Histogram Distributions Colored by Crime Code Target

In [30]:
# read in the train set since we are inspecting ground truth only on this subset
# to avoid exposing information from the unseen data 
train_set = pd.read_csv(train_path).set_index('OBJECTID')
In [31]:
# Histogram Distributions Colored by Crime Code Target
def colored_hist(target, nrows, ncols, x, y, w_pad, h_pad):
    '''
    This function shows a histogram for the entire dataframe, colored by 
    the ground truth column.
    Inputs:
        target: ground truth column
        nrows: number of histogram rows to include in plot
        ncols: number of histogram cols to include in plot
        x: x-axis figure size
        y: y-axis figure size
        w_pad: width padding for plot
        h_pad: height padding for plot
    '''
    # create empty list to enumerate columns from
    list1 = train_set.drop(columns={target})
    # set the plot size dimensions
    fig, axes = plt.subplots(nrows, ncols, figsize=(x, y))
    ax = axes.flatten()
    for i, col in enumerate(list1):
        train_set.pivot(columns=target)[col].plot(kind='hist', density=True, 
                                                        stacked=True, ax=ax[i])
        ax[i].set_title(col)
        ax[i].set_xlabel('Values')
        ax[i].legend(loc='upper right')
        
    fig.tight_layout(w_pad=w_pad, h_pad=h_pad)
In [32]:
colored_hist('Crime_Code', 5, 7, 25, 20, 6, 12)
plt.savefig(eda_image_path + '/colored_hist.png', bbox_inches='tight')

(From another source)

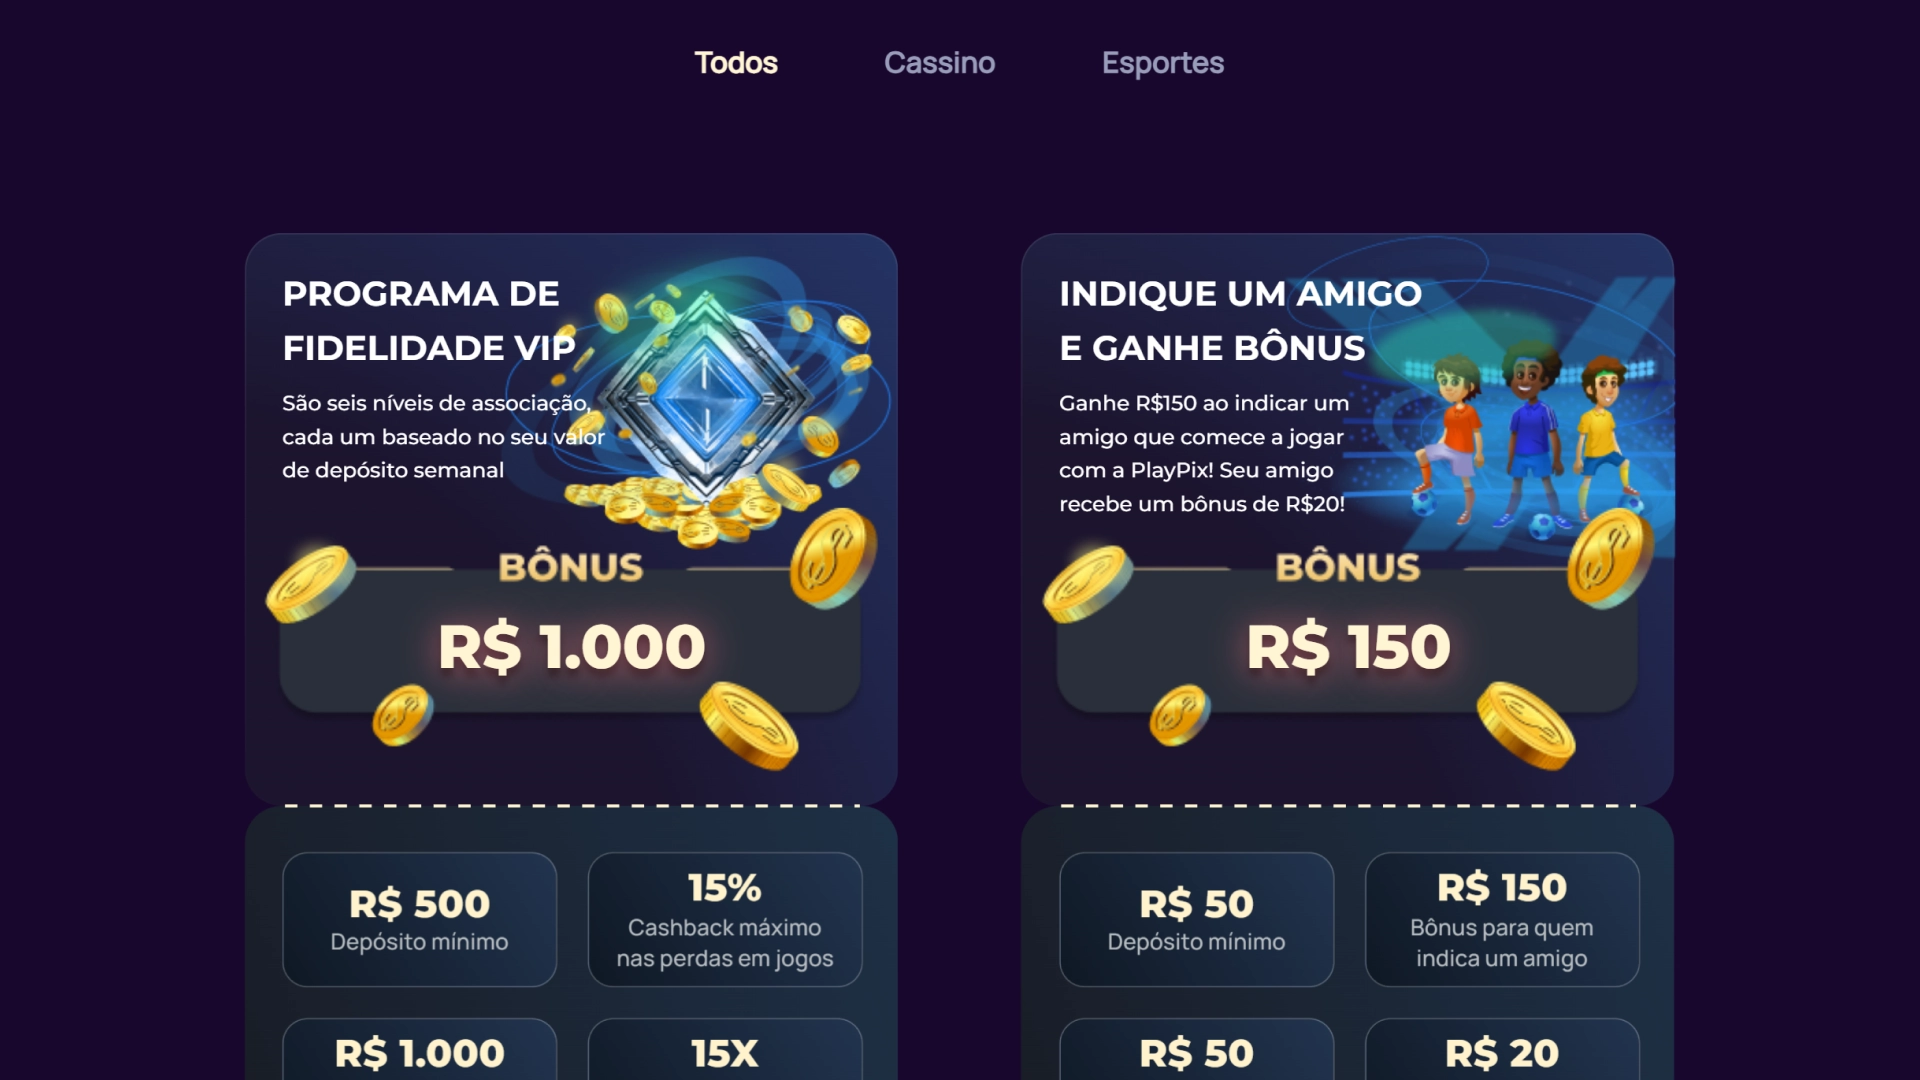 BetMGM Casino: Elevate Your Casino Experience with BetMGM - How To Be More Productive?

Examining Possible Correlations

In [33]:
# this function is defined and used only once; hence, it remains in 
# this notebook
def corr_plot(df, x, y):
    '''
    This function plots a correlation matrix for the dataframe
    Inputs:
        df: dataframe to ingest into the correlation matrix plot
        x: x-axis size
        y: y-axis size
    '''
    # correlation matrix title
    print("\033[1m" + 'La Crime Data: Correlation Matrix' 
                    + "\033[1m")
    # assign correlation function to new variable
    corr = df.corr()
    matrix = np.triu(corr) # for triangular matrix
    plt.figure(figsize=(x,y))
    # parse corr variable intro triangular matrix
    sns.heatmap(df.corr(method='pearson'), 
                annot=True, linewidths=.5, cmap='coolwarm', mask=matrix,
                square=True, 
                cbar_kws={'label': 'Correlation Index'})
In [34]:
# subset train set without index into new corr_df dataframe
corr_df = train_set.reset_index(drop=True) 
   
# plot the correlation matrix
corr_plot(corr_df, 25, 25)
plt.savefig(eda_image_path + '/correlation_plot.png', bbox_inches='tight')
La Crime Data: Correlation Matrix

No multicollinearity has been detected at a threshold of r=0.75.